Which is, in fact, the fourth area where a greater degree of realism is clearly needed. NATO and the EU do not have exactly the same missions and mechanisms. But nations in both organisations do rely largely on a single set of forces and capabilities.

Money is tight in all our countries. All the more reason for spending the scarce resources that we do have available for defence in the right way not on wiring diagrams or duplicative headquarters, but on real capabilities that we can deploy when and where they are needed.

We have made good progress in NATO with the development of our Response Force. Our members are generally doing well in making the capability improvements that they agreed to at our Summit in Prague last year. And NATO's new command structure includes a new Allied Command Transformation, aimed specifically at ensuring that all Allies participate in the transformation of our forces.

I am aware that this house, the European Parliament, has long promoted the competitiveness of European industry, and that it has suggested the elaboration of a European defence equipment policy. I have also welcomed the decision by EU Defence Ministers last week to create a European Armaments Agency. I welcome these initiatives, provided, of course, that they contribute to a rationalisation of resources and not a more protectionist Europe.

We don't want fortresses on either side of the Atlantic. In the US two weeks ago, I warned my interlocutors of the dangers of the buy-US legislation that was recently passed in Congress. I am confident that the US Administration also recognises these dangers, and that the legislation will not be implemented.

We need transparency and complementarity in transatlantic defence trade, just as much as we need it in the NATO-EU relationship. NATO and the EU have agreed that their capability initiatives should be coherent and mutually reinforcing, and we have worked together very constructively in this area. That should continue.

I also very much welcome the initiative by Commissioners Liikanen and Busquin to examine defence and security research issues for the EU. I hope that this will open another opportunity for pragmatic and effective cooperation between our organisations.

For the US, NATO is the proven forum for exchanging sensitive information in the defence field with its European partners. And hence NATO can help EU efforts to promote more equitable transatlantic technology transfer and risk-sharing provided, of course, that the Alliance is used.

Ladies and Gentlemen,

There has been a lot of talk this year about Americans being from Venus and European from Mars. As someone pointed out to me lately, according to Roman mythology, Venus and Mars did actually have a very long love affair. Now that may be reassuring to some, but when it comes to managing transatlantic security, I prefer something a little less emotional and a little more tangible.

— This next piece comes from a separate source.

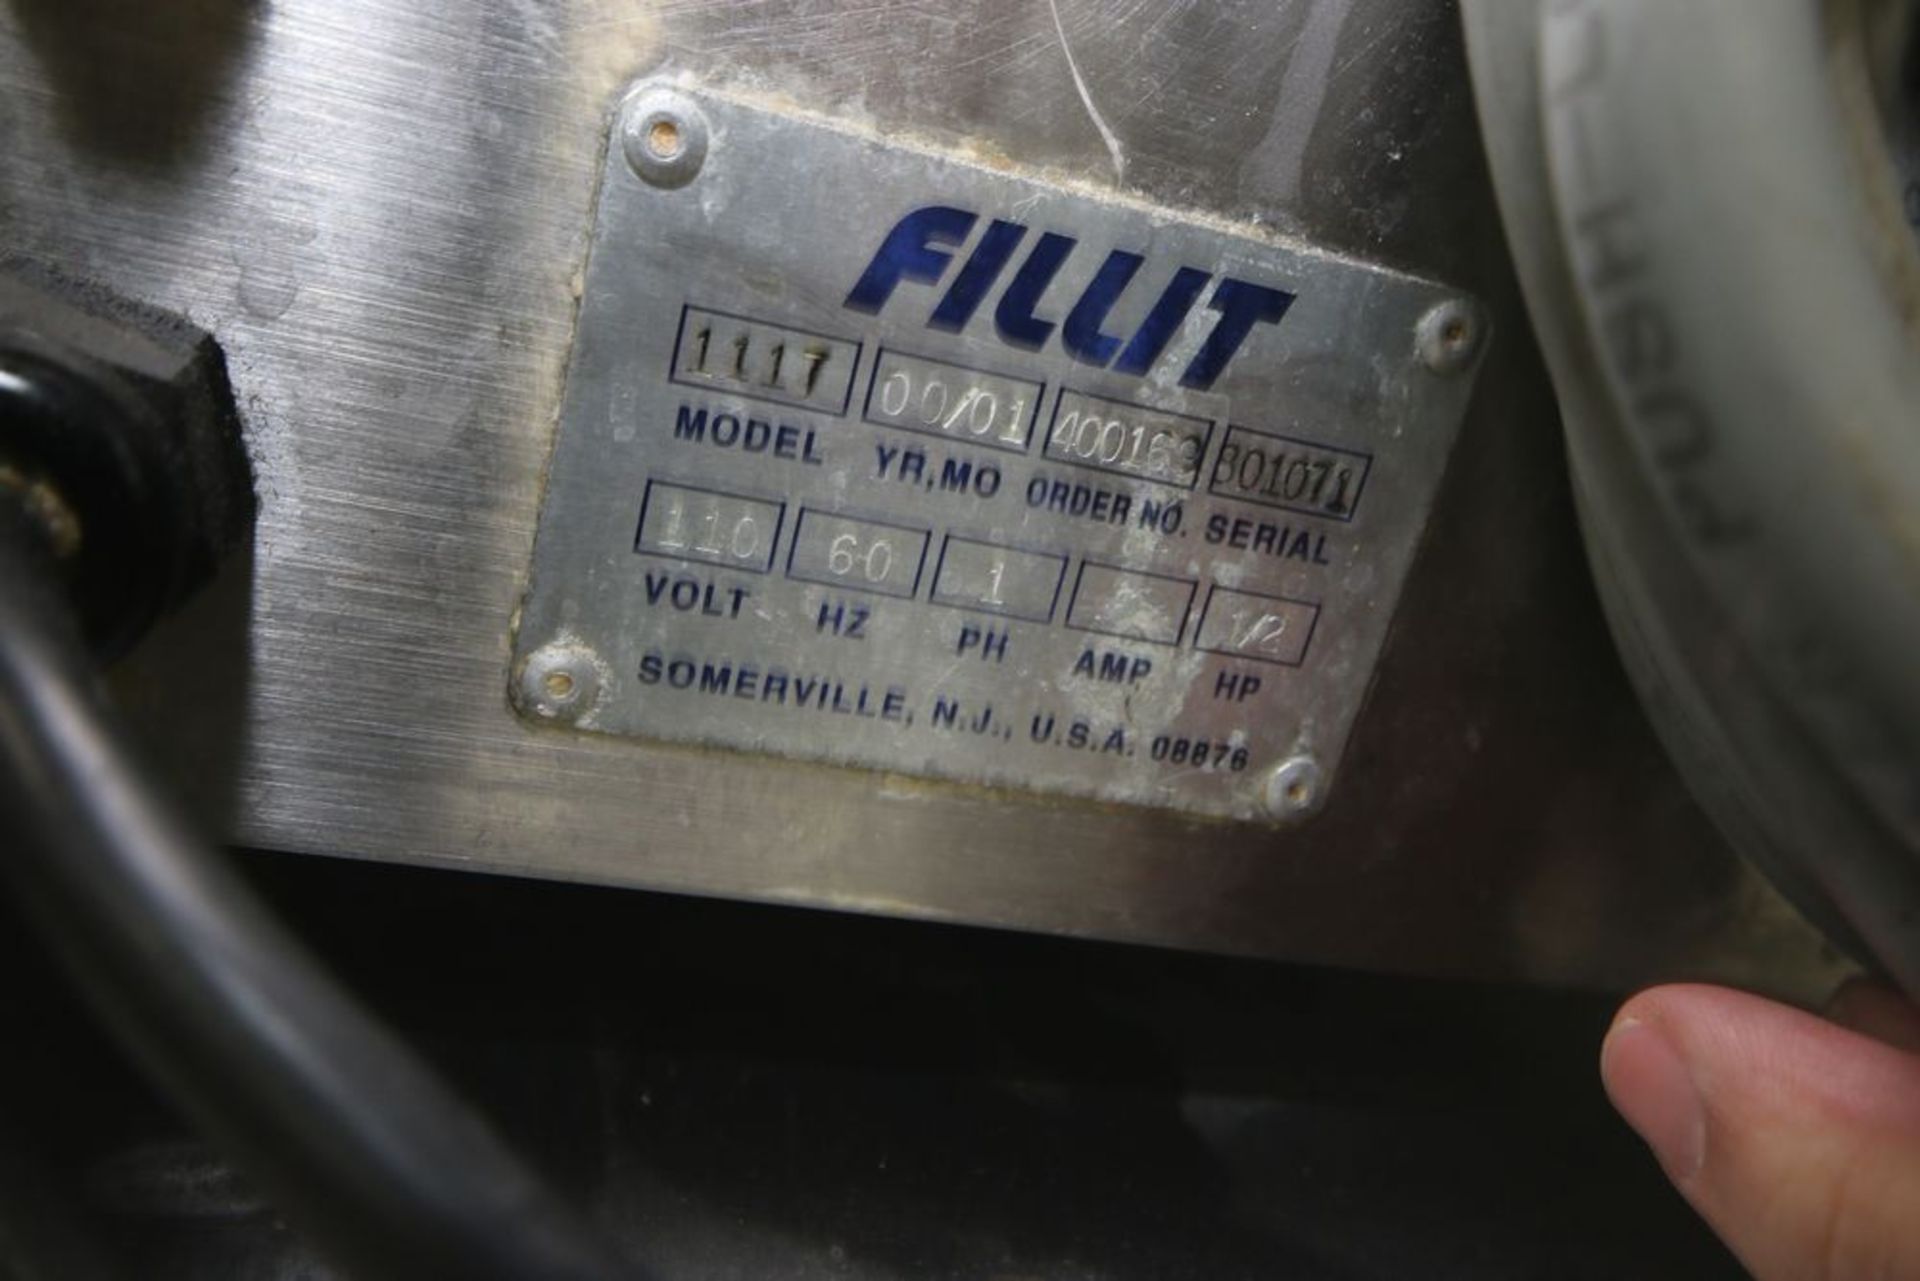 Fill-IT Single Head S/S Filler, M/N 1117, S/N 801071, 110 Volts, 1 Phase, with Operating Manual, - Image 5 of 5

The time has come to put realism over rhetoric again. Realism that makes full use of the possibilities offered by a NATO that is very much alive. Realism regarding the inevitability and intrinsic value of ESDP. Realism that fully exploits the potential of NATO-EU cooperation. And realism that faces the challenge of military transformation head-on. Your role in generating that kind of realism, and sustaining it, is crucial.

Thank you.

  1. Turkey recognises the Republic of Macedonia with its constitutional name.